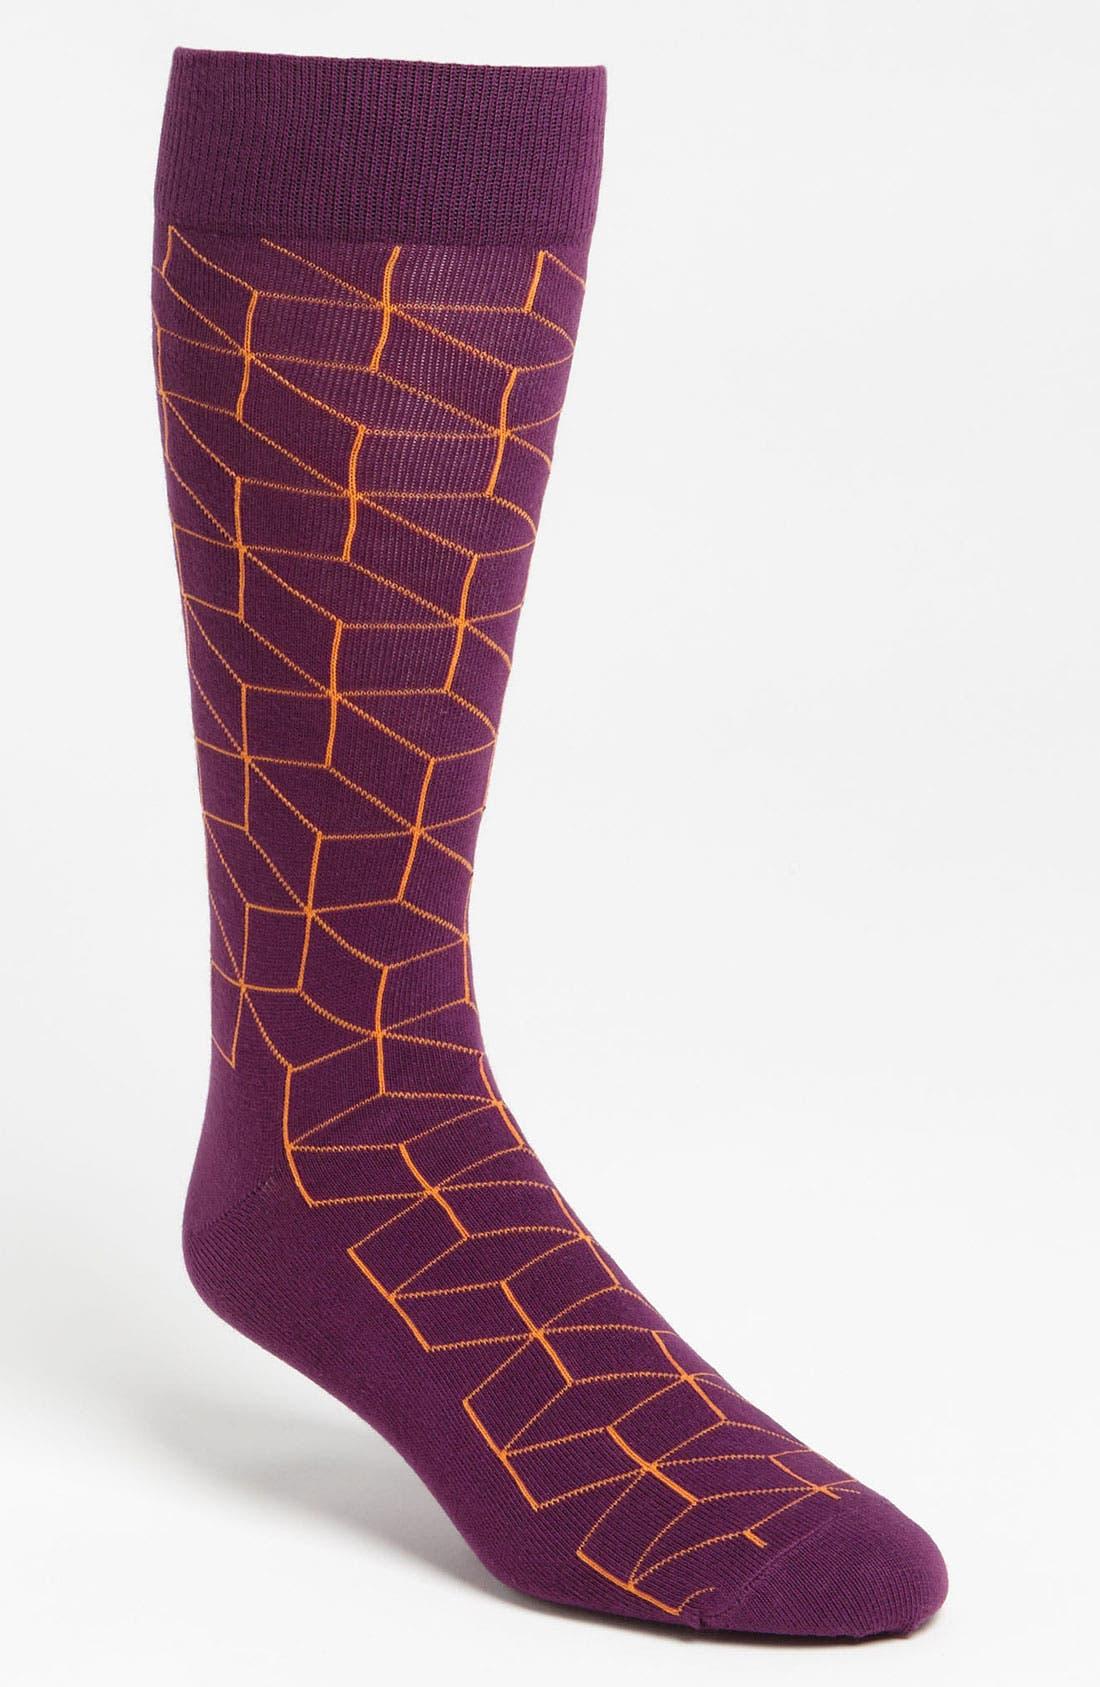 Main Image - Happy Socks 'Optic' Socks
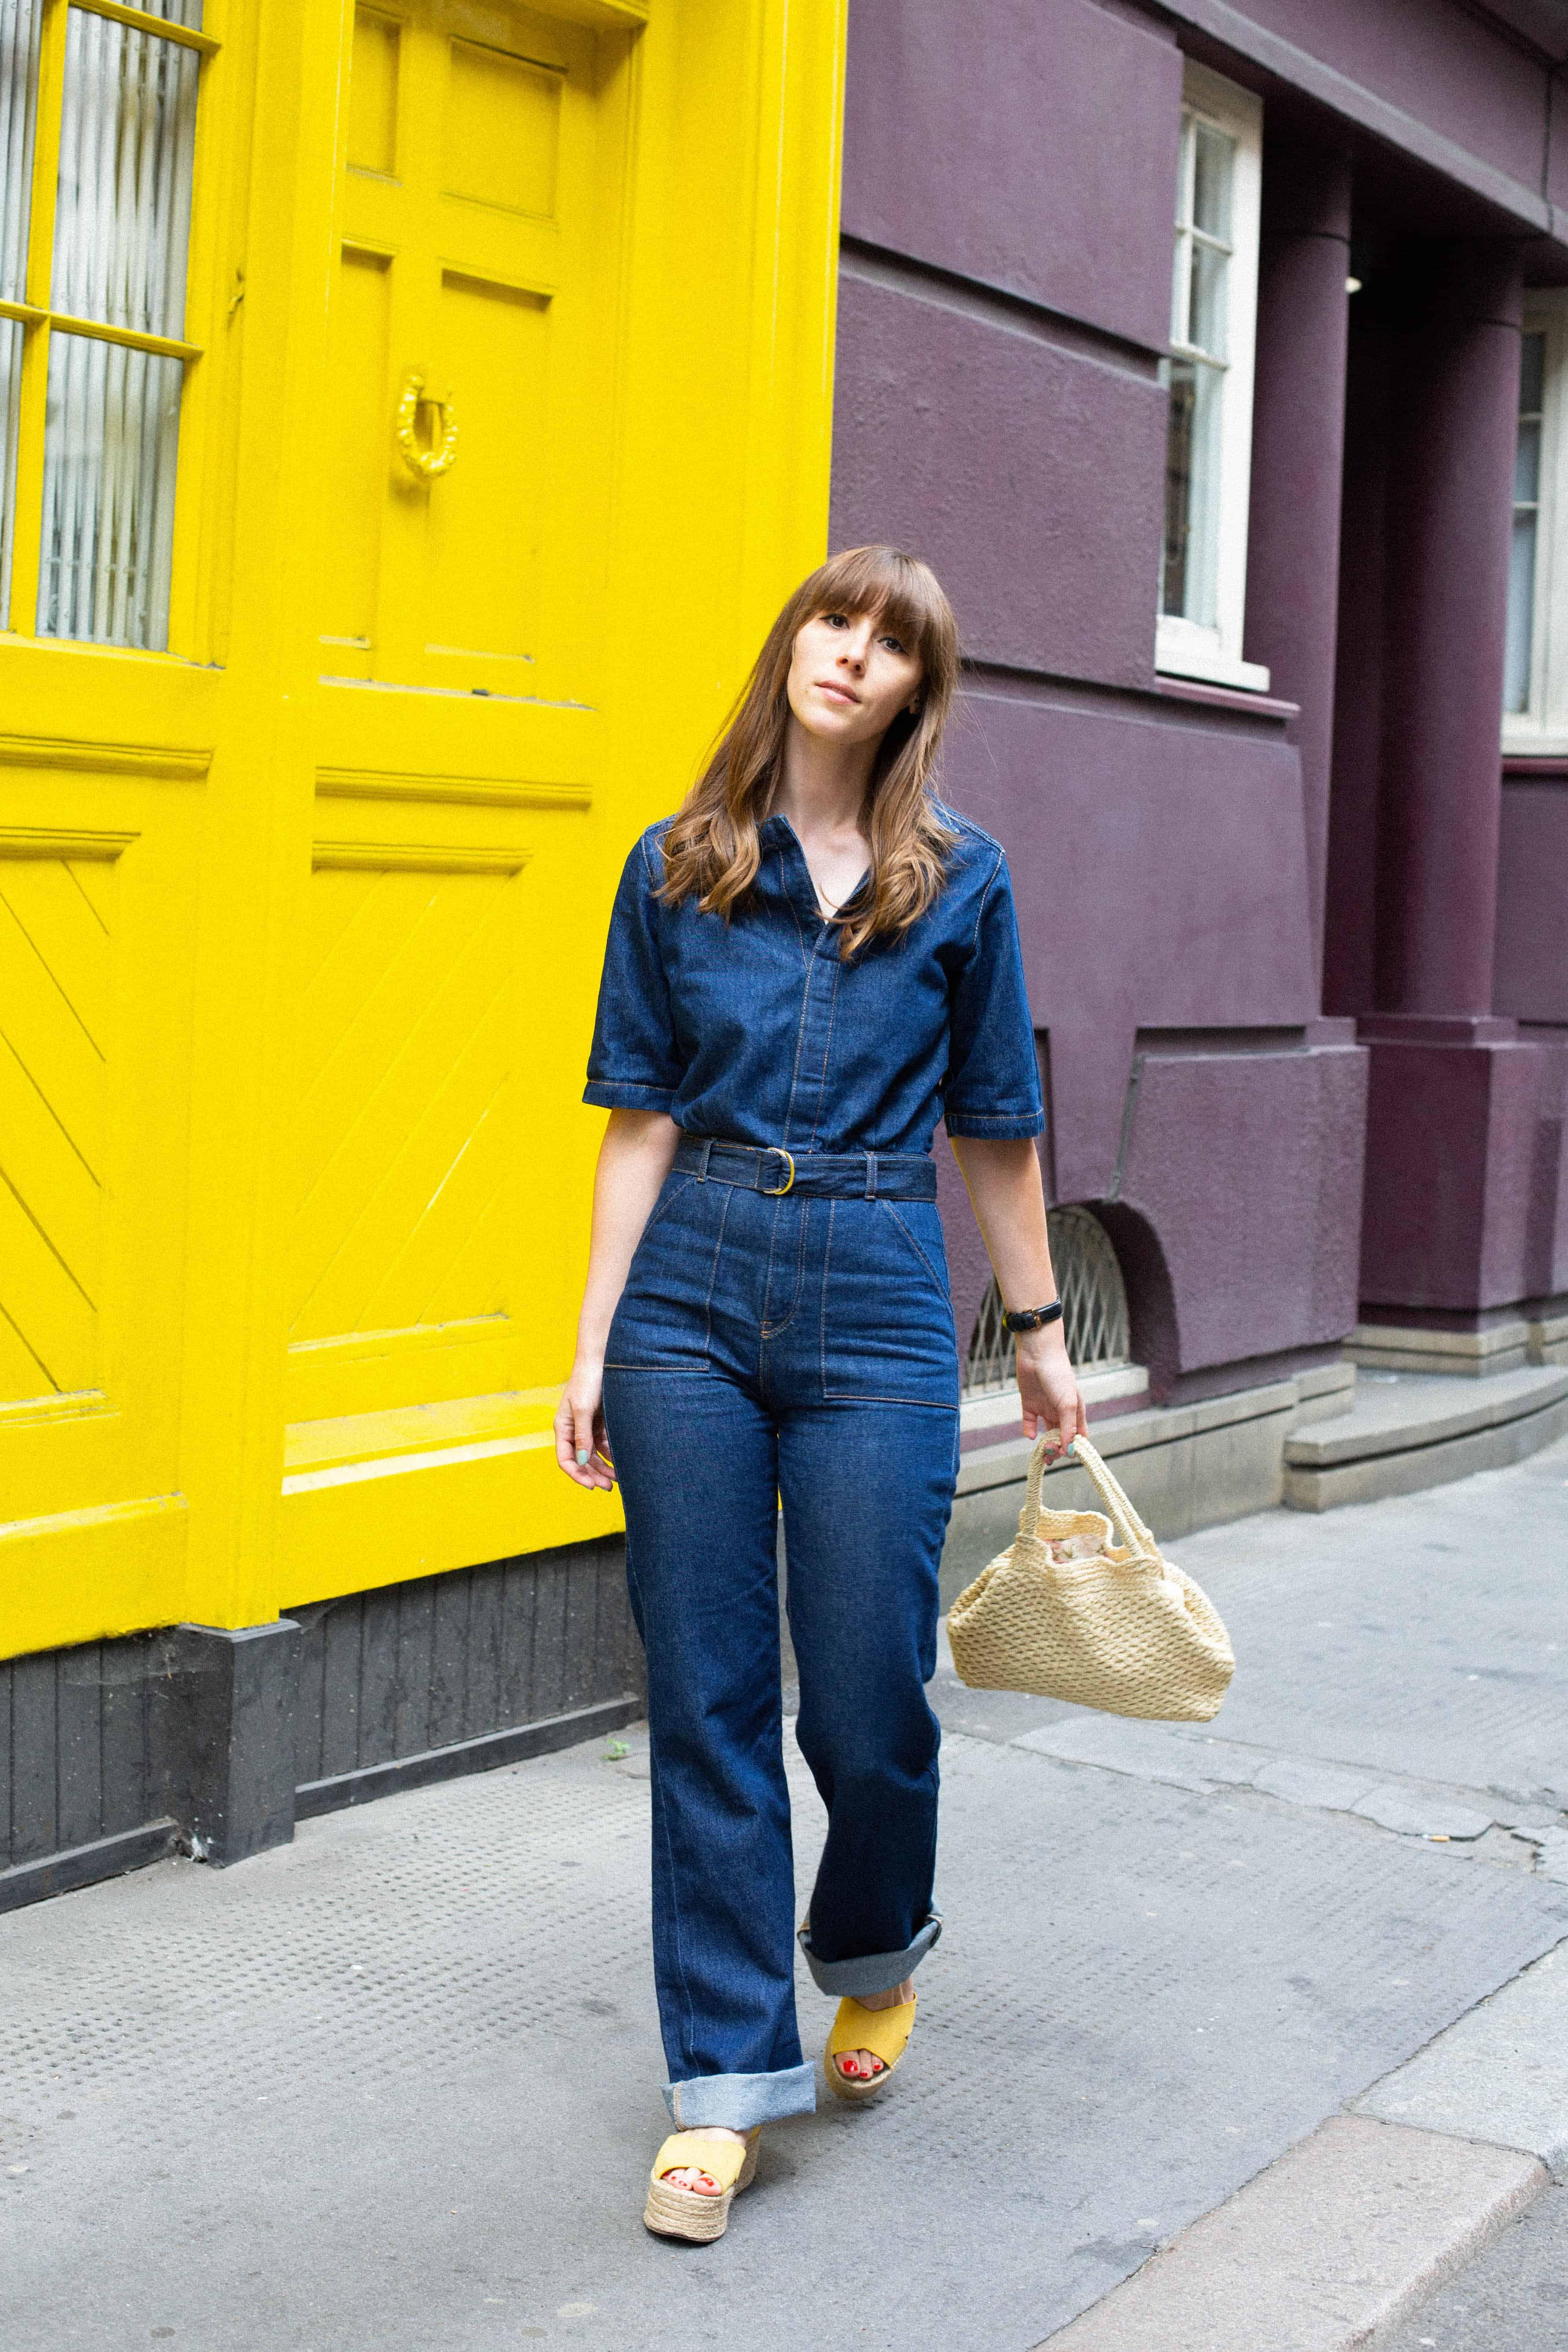 new items get new quality design 70s style denim jumpsuit - Fashion Et Moi
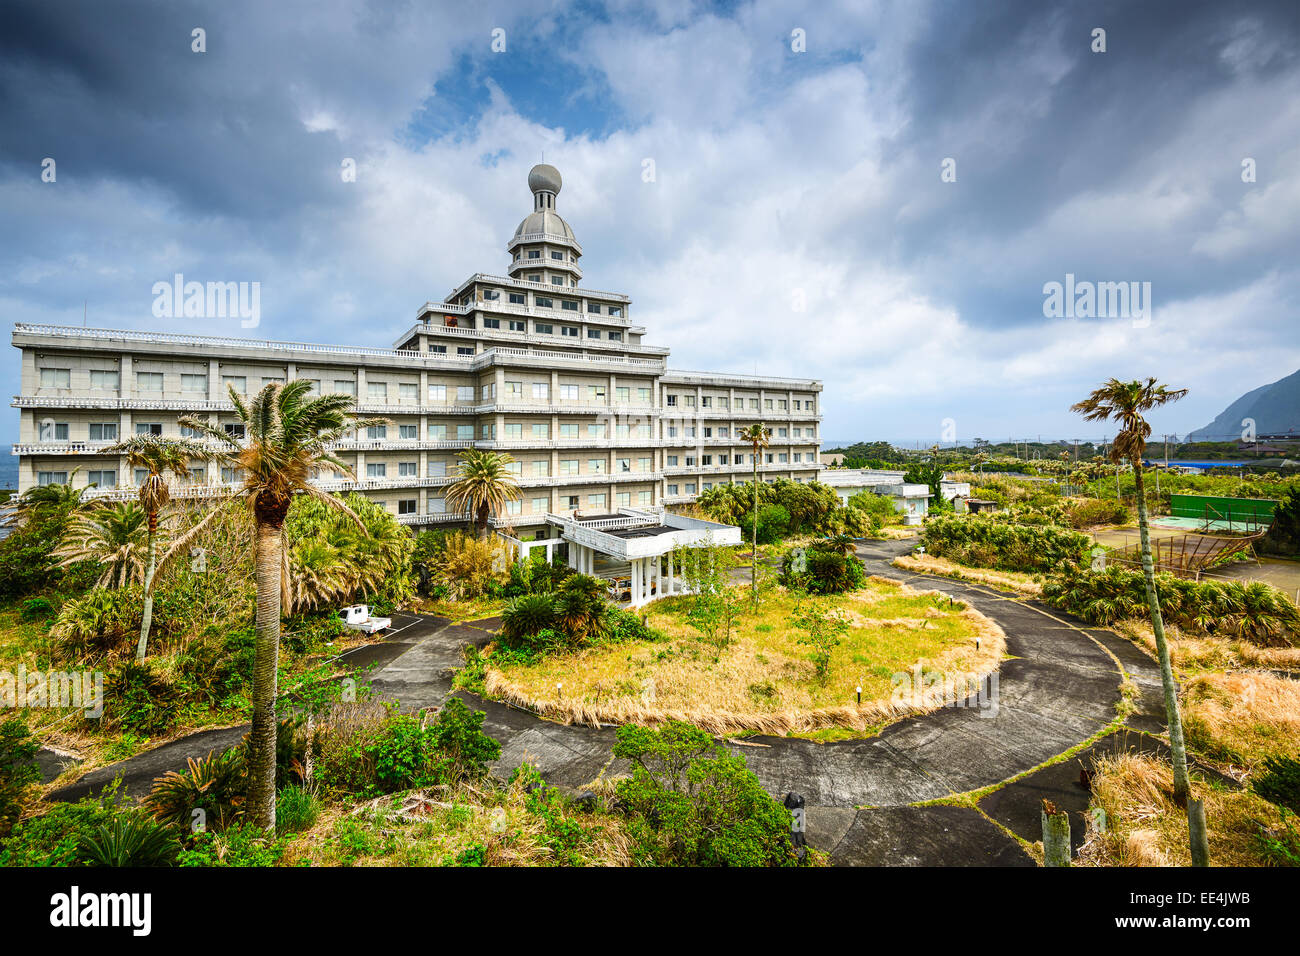 Abandoned Hotel Building Ruins On Hachijojima Island

- Exercise directions
Reproduce word for word the lines from the one containing "new items get" through the end of the data, both ends kept. Drop the pictures.

- Answer for this exercise
 new items get new quality design 70s style denim jumpsuit - Fashion Et Moi
 Abandoned Hotel Building Ruins On Hachijojima Island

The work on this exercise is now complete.